* **STORED DATA**
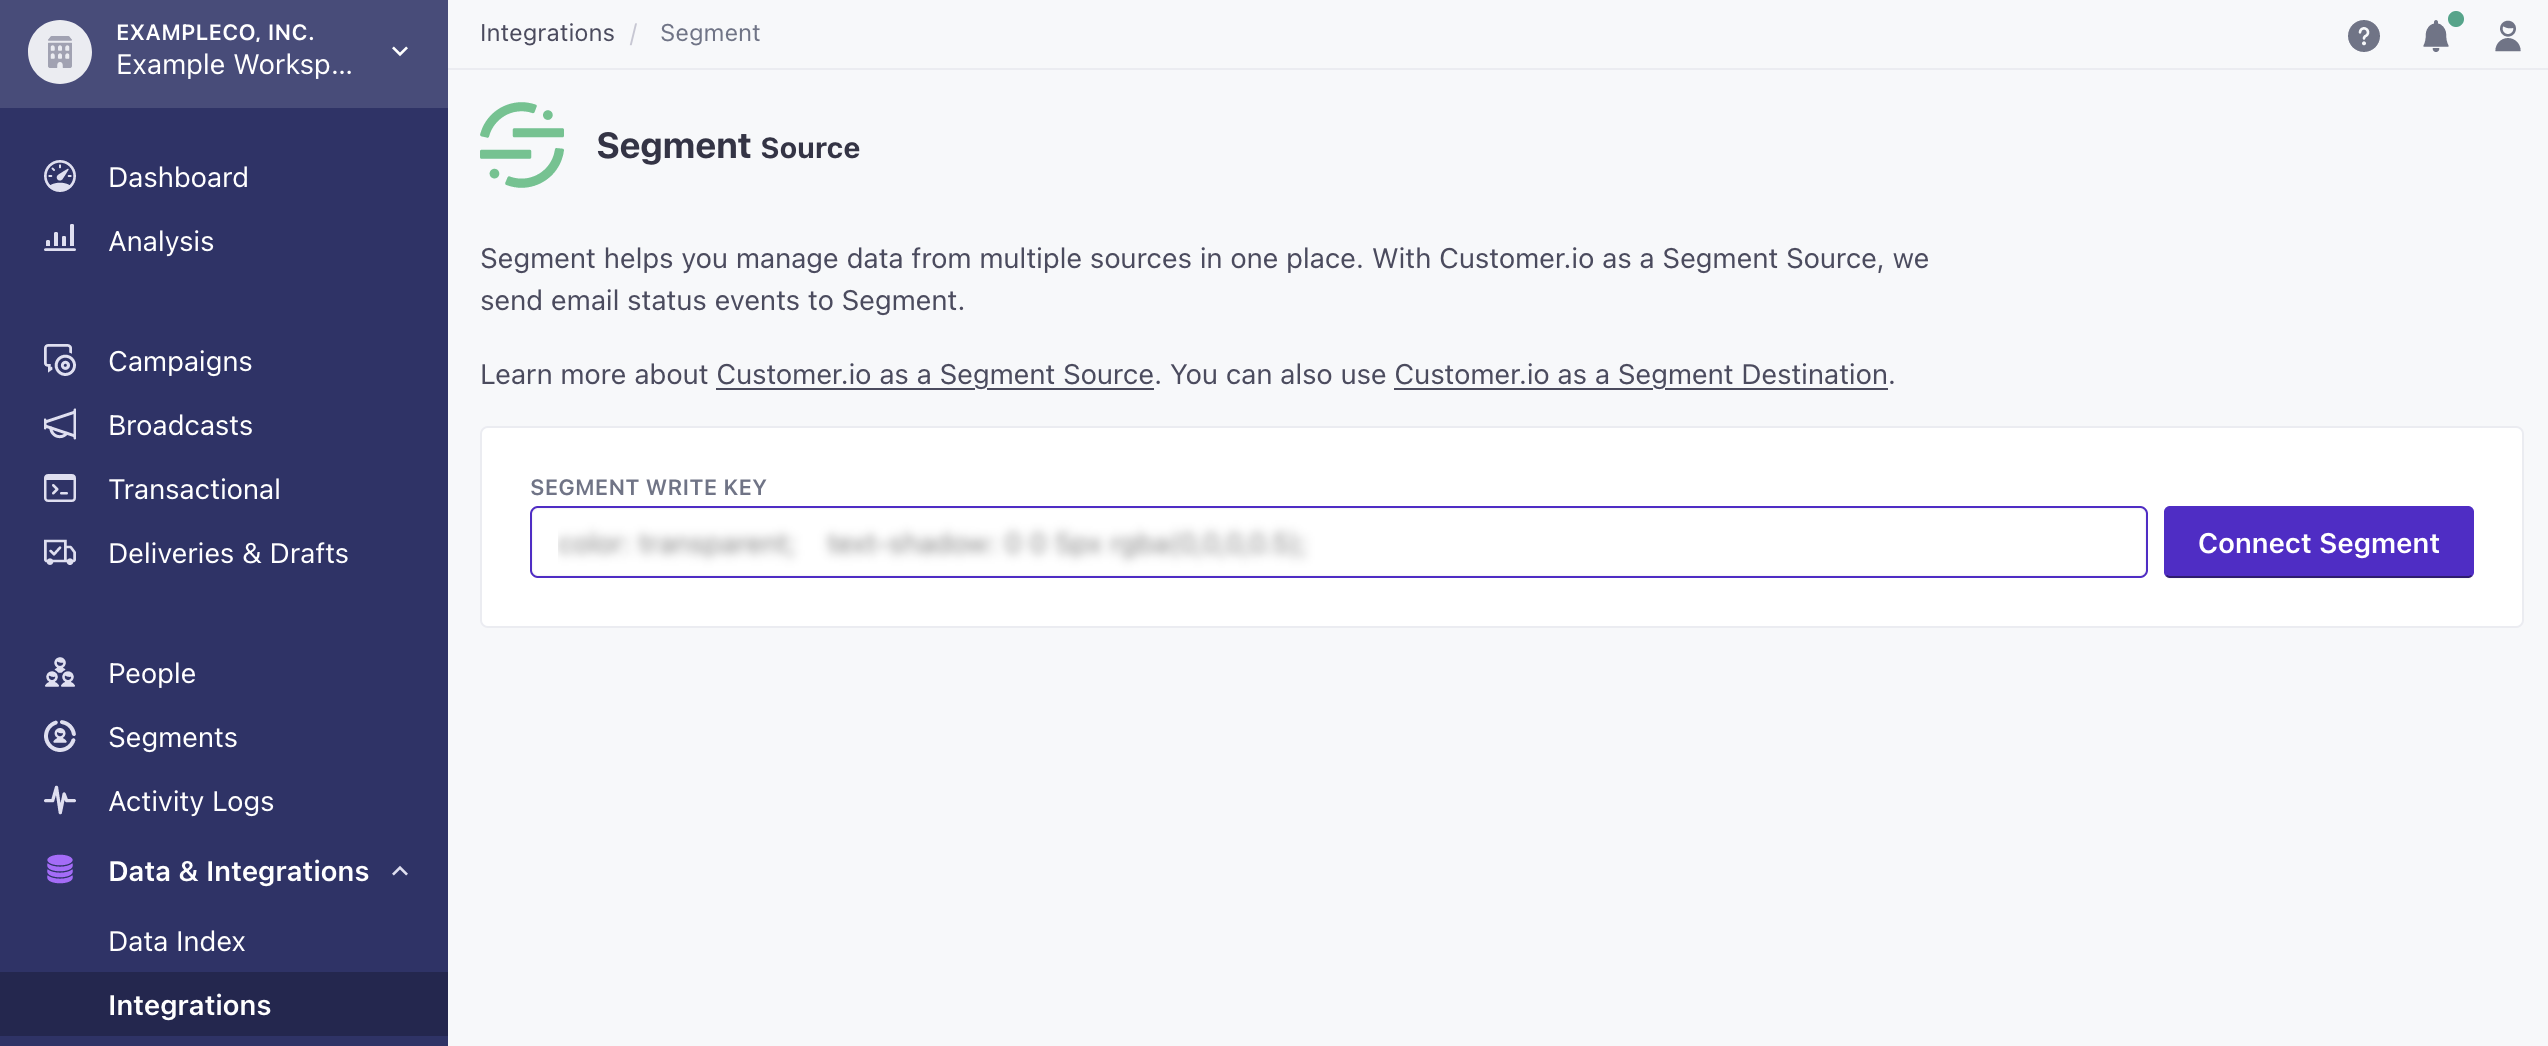 Screenshot of the Segment Source settings page in Customer.io.
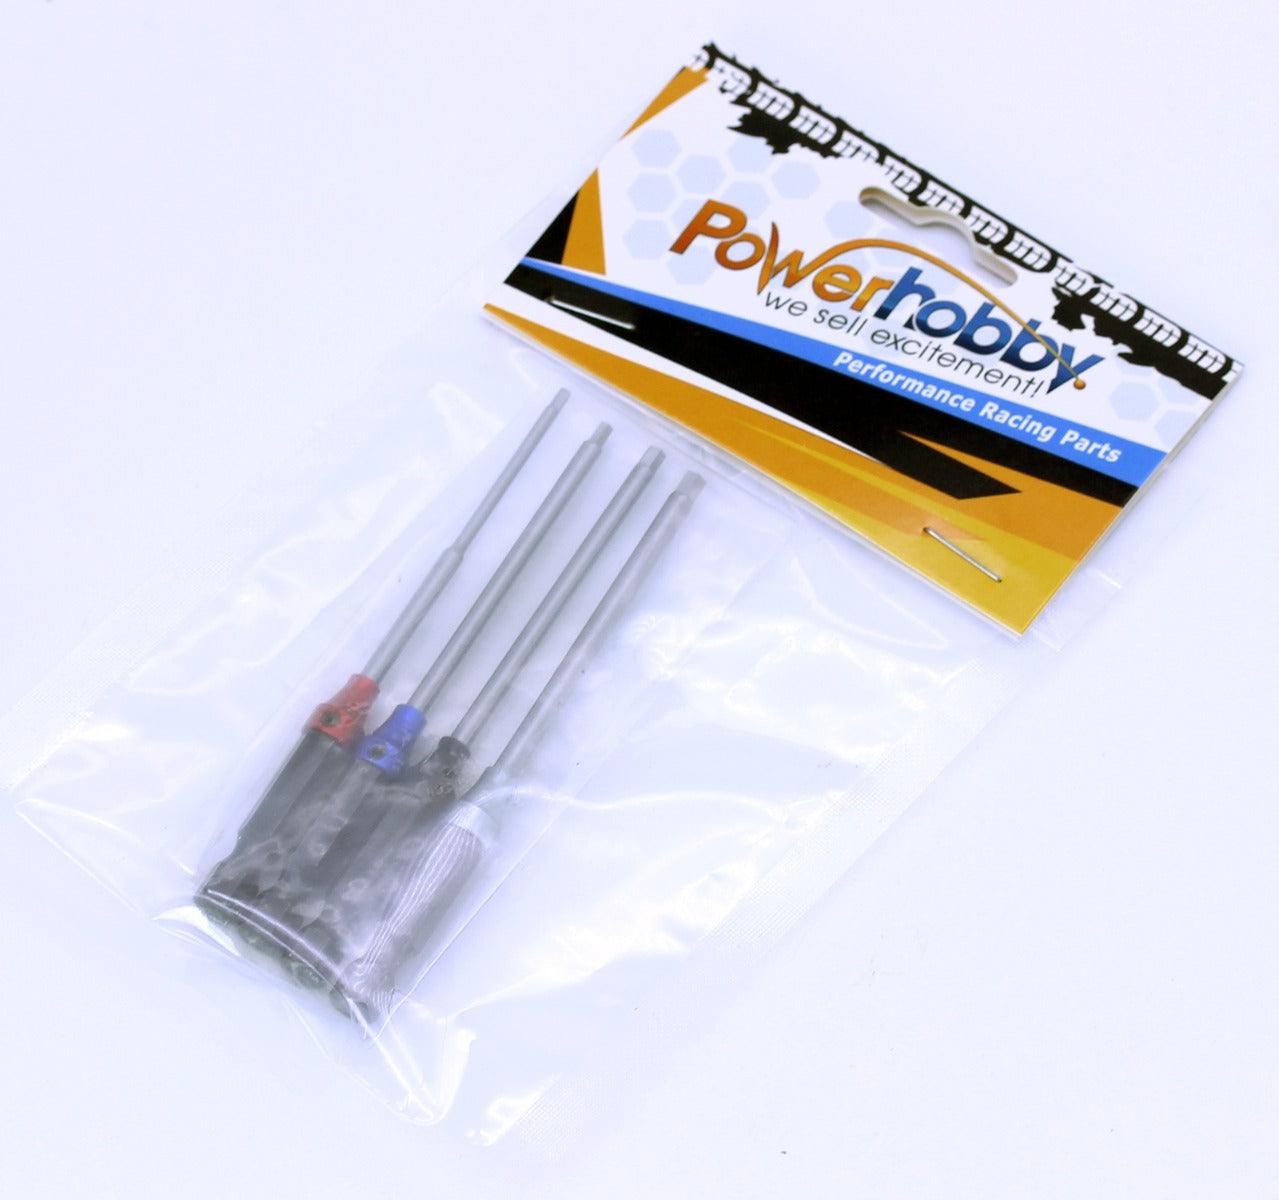 Powerhobby RC Hex Driver 1/4" Power Tool Set Metric 1.5, 2.0, 2.5, 3.0mm - PowerHobby
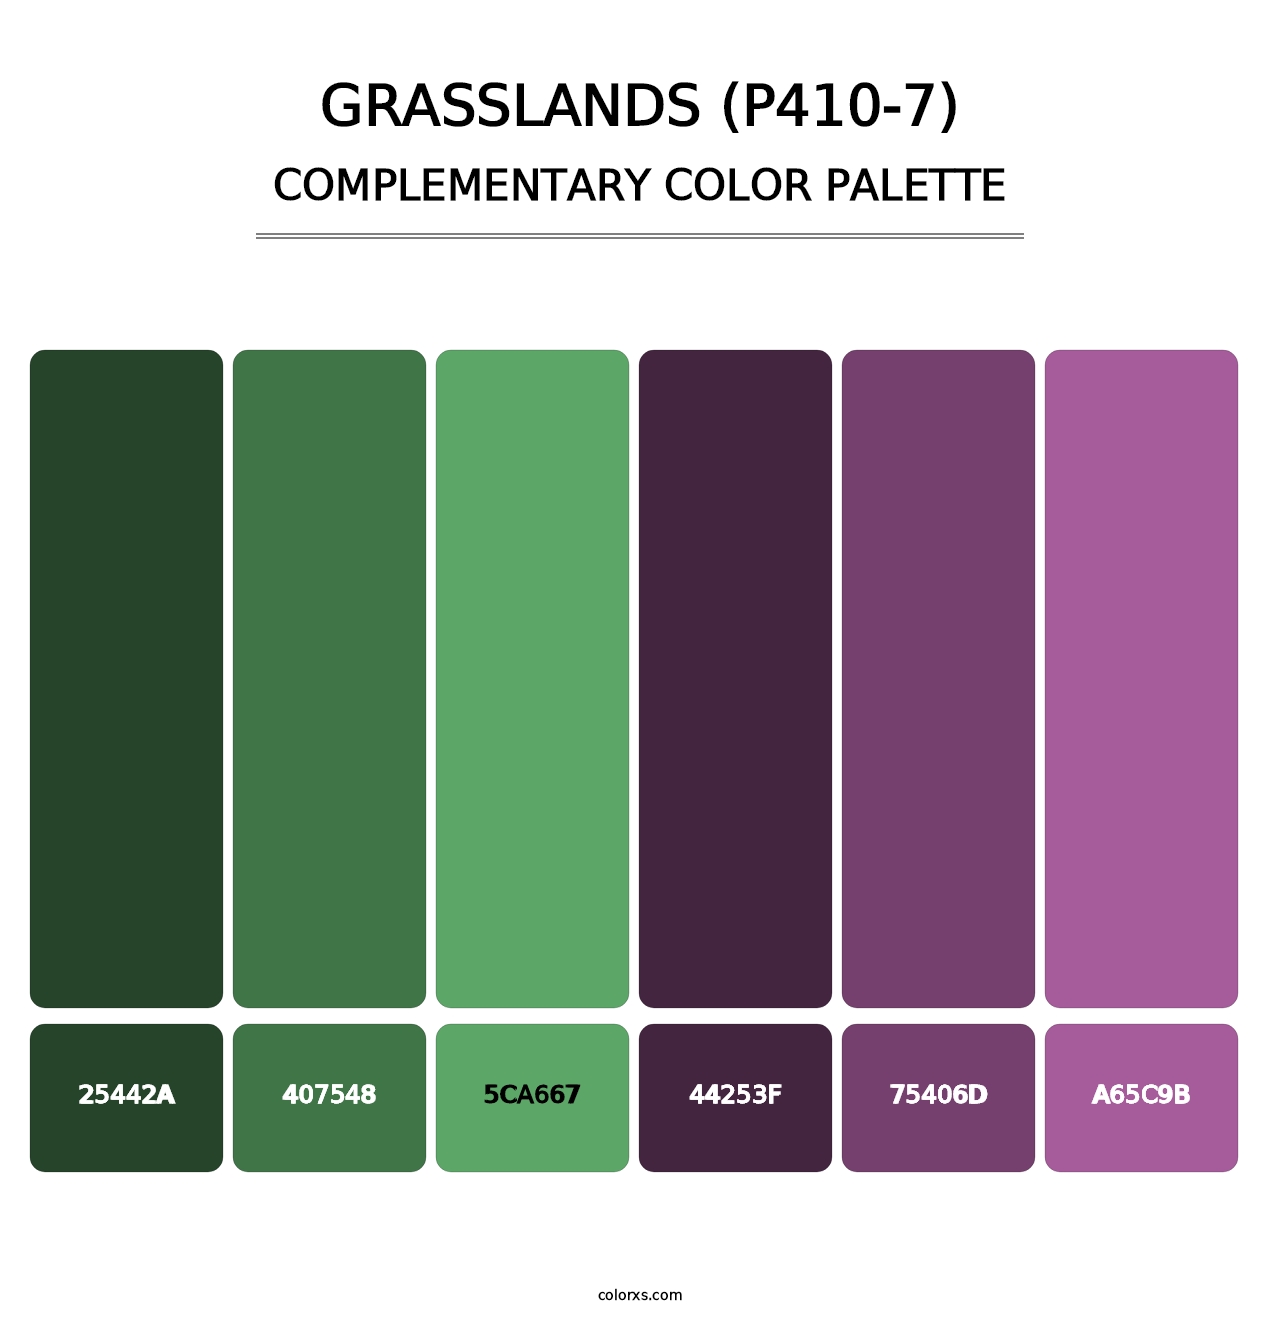 Grasslands (P410-7) - Complementary Color Palette

* **WHAT IS EXPECTED**
Every line of the data should be transcribed exactly. Omit the images.

* **ANSWER TO THIS TASK**
 Screenshot of the Segment Source settings page in Customer.io.
 Powerhobby RC Hex Driver 1/4" Power Tool Set Metric 1.5, 2.0, 2.5, 3.0mm - PowerHobby
 Grasslands (P410-7) - Complementary Color Palette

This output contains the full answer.